Untuk itu, para ilmuwan mempelajari untuk mencari cara untuk menghindari terjadinya pemanasan global. Tindakannya adalah mengambil kebijakan untuk membatasi emisi CO2 dari setiap kegiatan, menyembunyikan karbon yang juga membantu mencegah karbon dioksida memasuki atmosfer atau mengambil CO2 yang ada. Menyadari bahaya dari pemanasan global ini, pada tahun 1997 di Jepang sekitar 160 negara merumuskan persetujuan yang lebih kuat yang dikenal dengan Protokol Kyoto (lihat juga Protokol Kyoto). Perjanjian ini, menyerukan kepada 38 negara-negara industri yang memegang persentase paling besar dalam melepaskan gas-gas rumah kaca untuk memotong emisi mereka ke tingkat 5 persen di bawah emisi tahun 1990. Pengurangan ini harus dapat dicapai paling lambat tahun 2012. Pada mulanya, Amerika Serikat mengajukan diri untuk melakukan pemotongan yang lebih ambisius, menjanjikan pengurangan emisi hingga 7 persen di bawah tingkat 1990; Uni Eropa, yang menginginkan perjanjian yang lebih keras, berkomitmen 8 persen; dan Jepang 6 persen. Sisa 122 negara lainnya, sebagian besar negara berkembang, tidak diminta untuk berkomitmen dalam pengurangan emisi gas.

Penutup
Para ilmuan yang tergabung dalam IPCC telah membangun suatu teori yang sangat kuat dan hasil pengukuran yang cukup akurat untuk membangun laporan tentang bahaya dari pemanasan global.
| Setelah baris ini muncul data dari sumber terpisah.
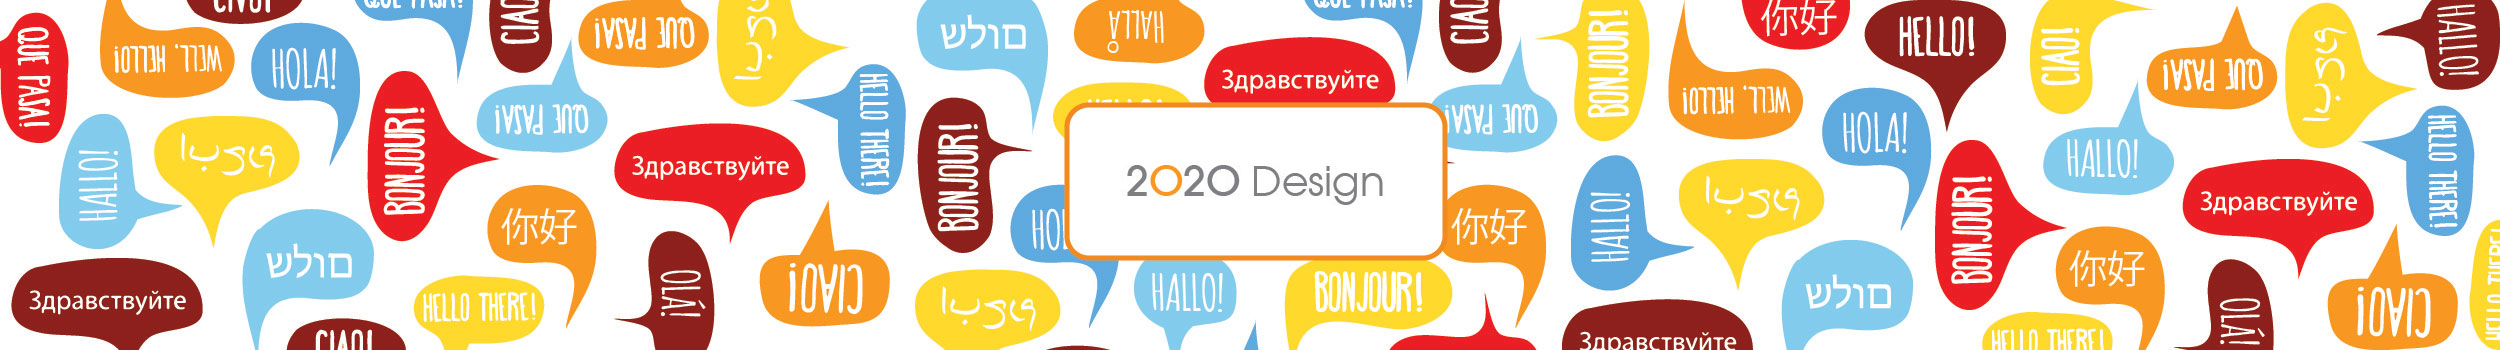 2020 Design Kitchen and Bath Design software

Tentunya, secara teoritis laporan IPCC memiliki suatu nilai kebenaran yang tidak menyenangkan. Tidak menyenangkan karena masa depan kehidupan akan punah setelah seratus tahun ke depan bila teknologi inovatif yang aman dan ramah lingkungan belum tersedia.
Dalam logika matematika, kebenaran akan terjadinya bahaya pemanasan global 100 tahun ke depan merupakan suatu teorema. Teorema baru dapat dikatakan bernilai benar, bila dapat dibuktikan kebenarannya melalui definsi dan aksioma. Untuk menjawab ini diperlukan suatu definisi yang jelas bahwa apakah terjadinya peningkatan panas bumi bergantung langsung dengan konsentrasi CO2 dan juga suatu aksioma bahwa apakah emisi CO2 cenderung terakumulasi di atmosfir tanpa ada penetralan secara alamiah. Manusia bisa berencana tetapi tuhan memiliki kehendak. Tak ada kekuatan dan daya manusia selain tuhan pencipta dan pengatur alam semesta ini.